Union NL: Mercy-Presentation Speakers Forum

A Collaborative Initiative
“Bringing it home, Coming home …”

More than two decades ago, in response to a need and strong desire for ongoing spiritual formation in the wider community, our two Newfoundland and Labrador, Canada, congregations, the Sisters of Mercy and our Presentation Sisters, collaborated on creating the Mercy~Presentation Speakers Forum. Our planning and coordinating team comprises associates and sisters from both our congregations. It is now a highly anticipated and well attended annual fall happening, incorporating engagement from within the wider community as well. 

The initial focus was on the weaving together of spirituality, justice, ethics and Christianity for the 20th and 21st centuries. Over the years we have sponsored annual weekend forums spanning Friday evening to Saturday afternoon, bringing in world renowned speakers that everyday people could now have easy access to, addressing emerging, critical issues for our time. Speakers have included Bruce Sanguin, Diarmuid O’Murchu, MSC; Jose Hobday, OSF; Jan Phillips; Maureen Wild, SC; Judith King, (Ireland) and Denise Boyle, FMDM; Paula D’Arcy; Robert Wicks; Ilio Delio, OSF; Joan Chittister, OSB; and numerous others. 

This year our speaker was John Philip Newell, poet, peacemaker, minister and scholar, internationally acclaimed for his work in the field of Celtic spirituality. Based in Edinburgh, Scotland, with his wife and four children, he teaches and preaches internationally on themes related to the sacredness of the earth and the oneness of the human soul. 

On early arrival John Philip was welcomed to our Newfoundland shores amidst much thunder and lightening! In a quieter way, we would all be “struck” by his simplicity and depth. Sister Elizabeth Davis, Mercy congregational leader, representing both leaders, offered a true Newfoundland and Labrador welcome and blessing on behalf of us all. 

On Friday evening John Philip engaged us with his own story, inviting us to see the face of “Godness” in the face of a tiny baby, sparked by his experience of his own newborn granddaughter. He, in turn, invited us to see that “Godness” in each other, forever glimpsing the Divine in one another, forever expecting to find the light in each other. He constantly reminded us that we are “of” God, God’s very essence, rather than made “by” God.
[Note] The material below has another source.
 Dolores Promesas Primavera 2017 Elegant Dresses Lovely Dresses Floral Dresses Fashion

In our quiet reflection, he had asked us to ponder, “What would it look like if our “of Godness” came to light again and again with new depths?” Becoming what we already are! A powerful invitation now as we approach the season of Christmas, celebrating a 2000-year-old birth and being called to continually give birth to that first great love in our own living each day. 
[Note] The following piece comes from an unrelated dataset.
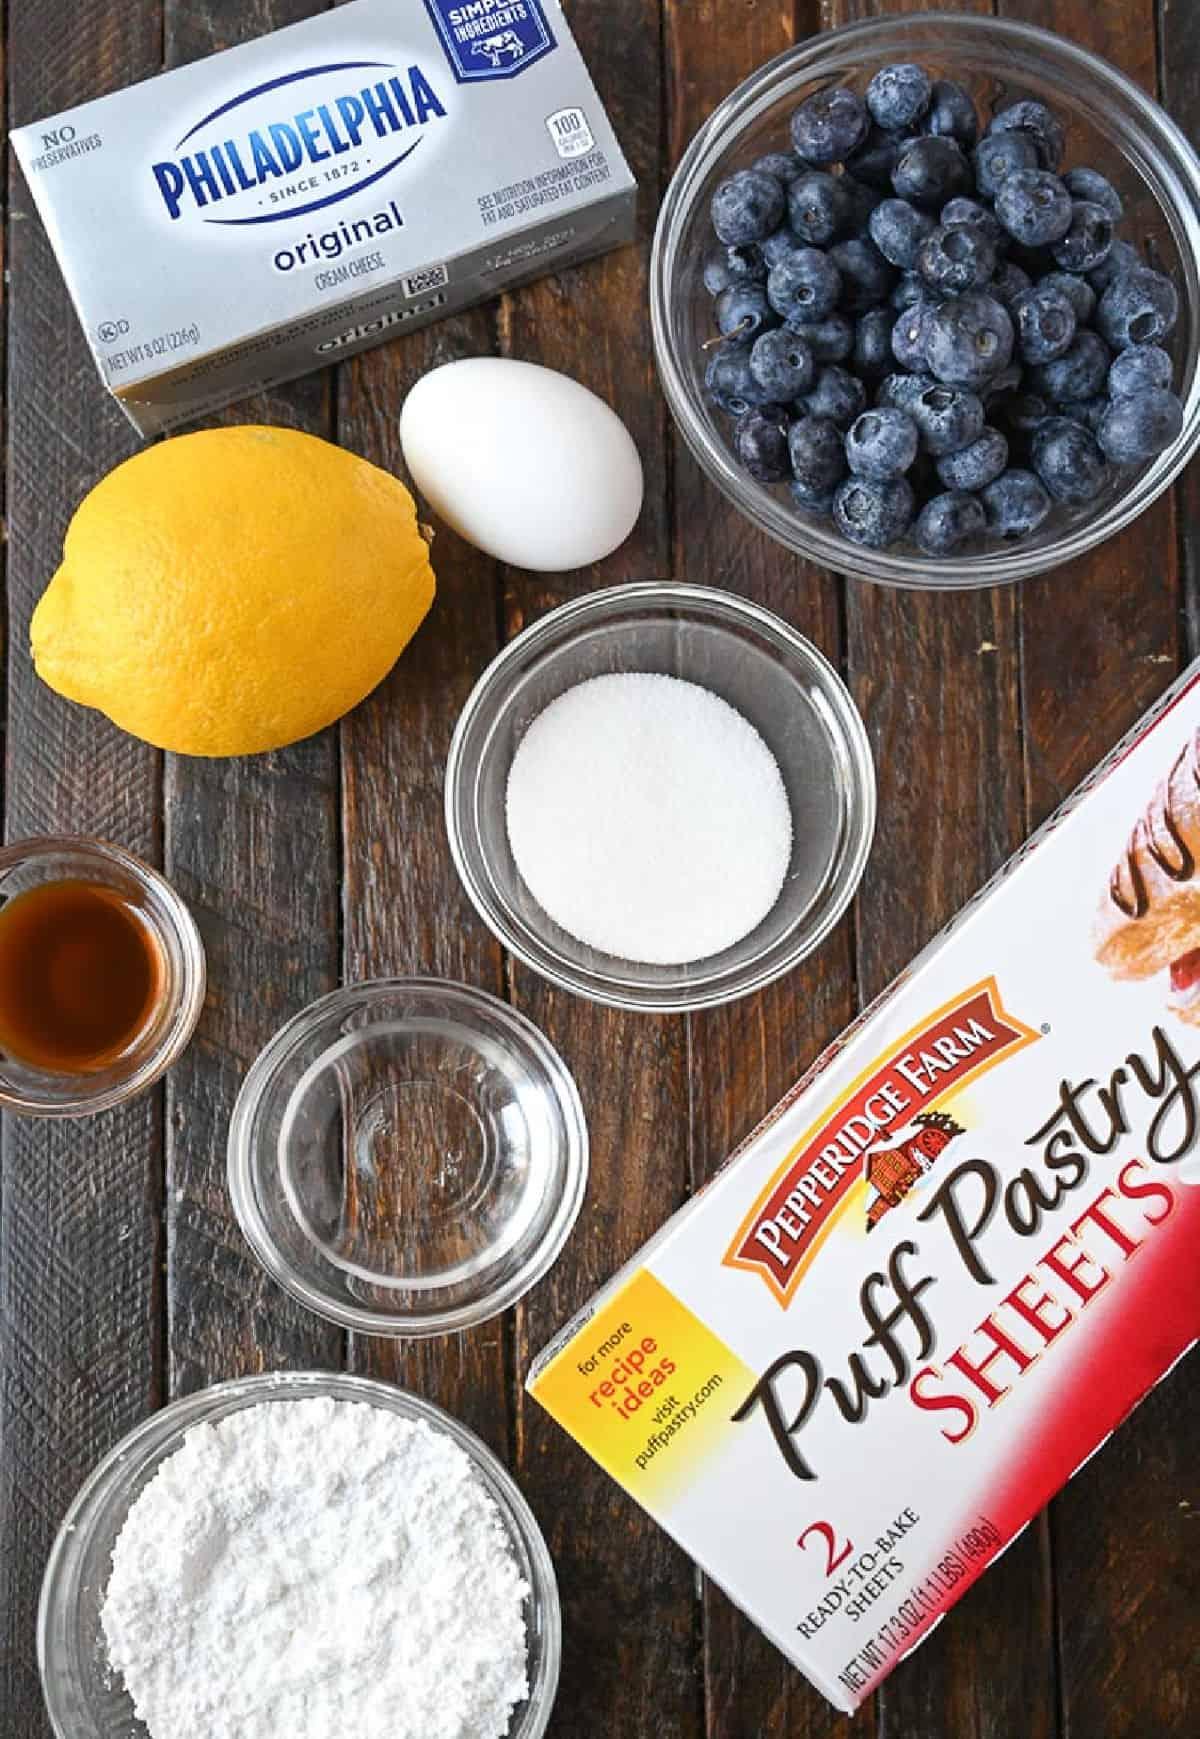 Blueberry cream cheese danish ingredients.

In our Saturday morning prayer we were reminded of John, the beloved disciple, and his stance of “listening to the heartbeat of God,” in the earth, within us, in each other. In the same breath he also reintroduced us to St. Brigid of Kildare, a true woman “of God,” who embodied that. John Philip spoke of how St. Brigid is rising in our consciousness in modern times because we are so in need of her! 
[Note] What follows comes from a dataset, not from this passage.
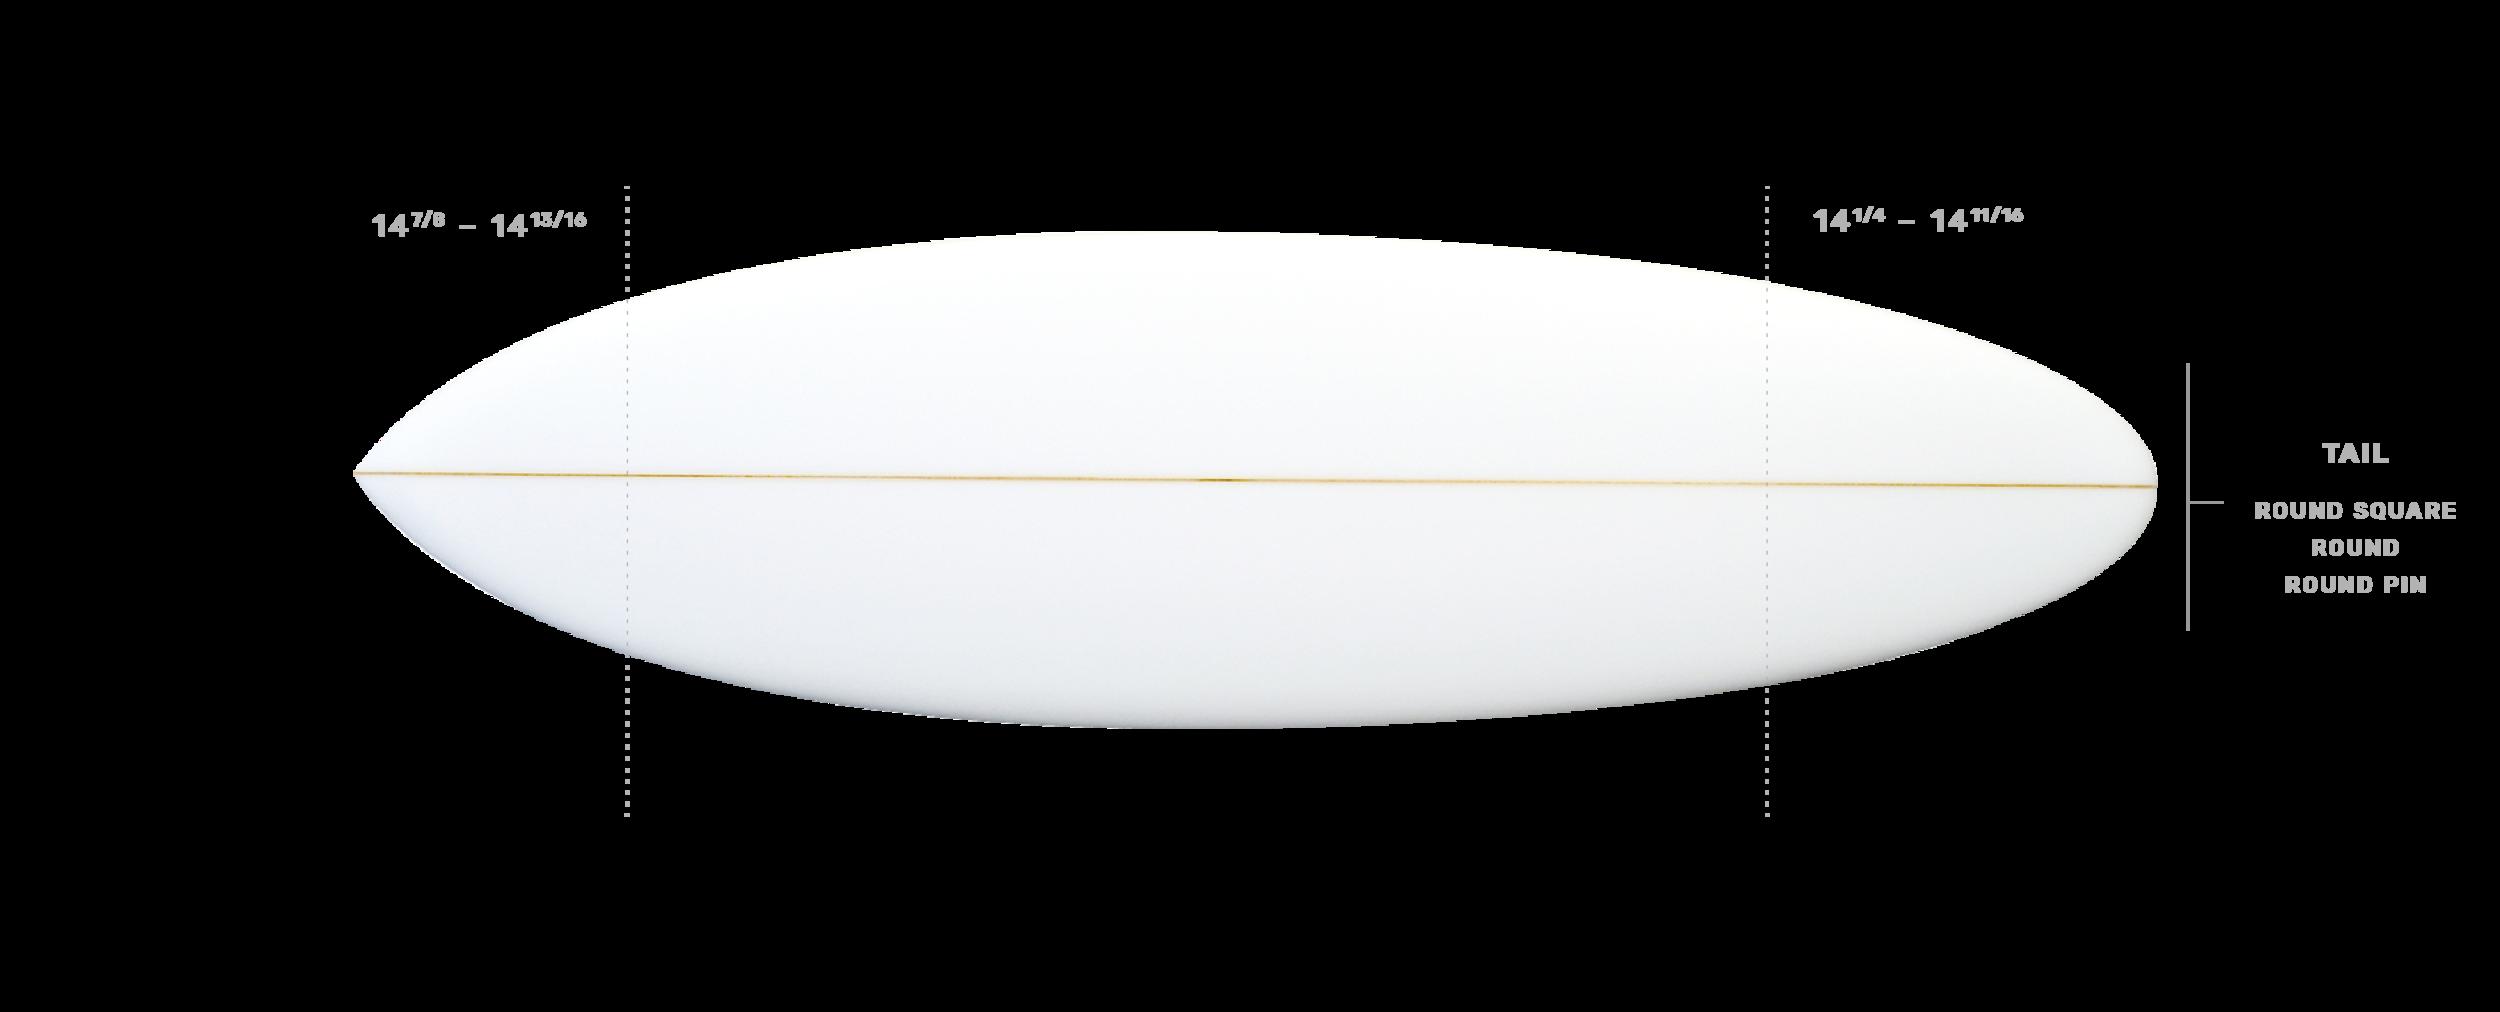 Takeda-custom-board-specs-RETRO-MODELS-leaf-deck.png

Often spoken of in Gaelic tradition as “Mary of the Gaels,” Brigid has so much to teach us of weaving together heaven and earth, grace and nature, recovering those deep connections, including in our rituals, of “birthing” God ever anew in our world, and how both our world and our church are in such need of all of that. 

Worthy of note as well, history attests to Brigid as being the founding Abbess of a Monastery, a mixed community of men and women, and under the leadership of a woman! In addition, tradition attests to her being “mistakenly” consecrated as a bishop rather than an abbess because the bishop prayed the wrong prayer. Notably, he stood by what he had said! 

John Philip also wove in stories of people in history like Pelagius, Augustine, Irenaeus, St. Columba, Hildegarde, and more modern-day figures like Teilhard de Chardin and Thomas Berry, all of whom, and some surprisingly, invite us to see in a way like never before. 

Weaving together the threads of the two days, John Philip, with those before him, urging us to rediscover the intimate relationship between humanity and earth, for our children! He reminded us, with Thomas Berry, to dream a new way forward, again, like never before, highlighting how we are made “of” the Divine dreamer. 

Awed and grateful! Special Thanks to the planning committee … 

From left: Kim Kelly, Presentation Associate; Marilyn Stack, Mercy Associate; John Phillip Newell; Mercy Sister Betty Morissey; Presentation Sister Bernadette Doherty.

Missing from the photo is Presentation Sister Helen Martinez.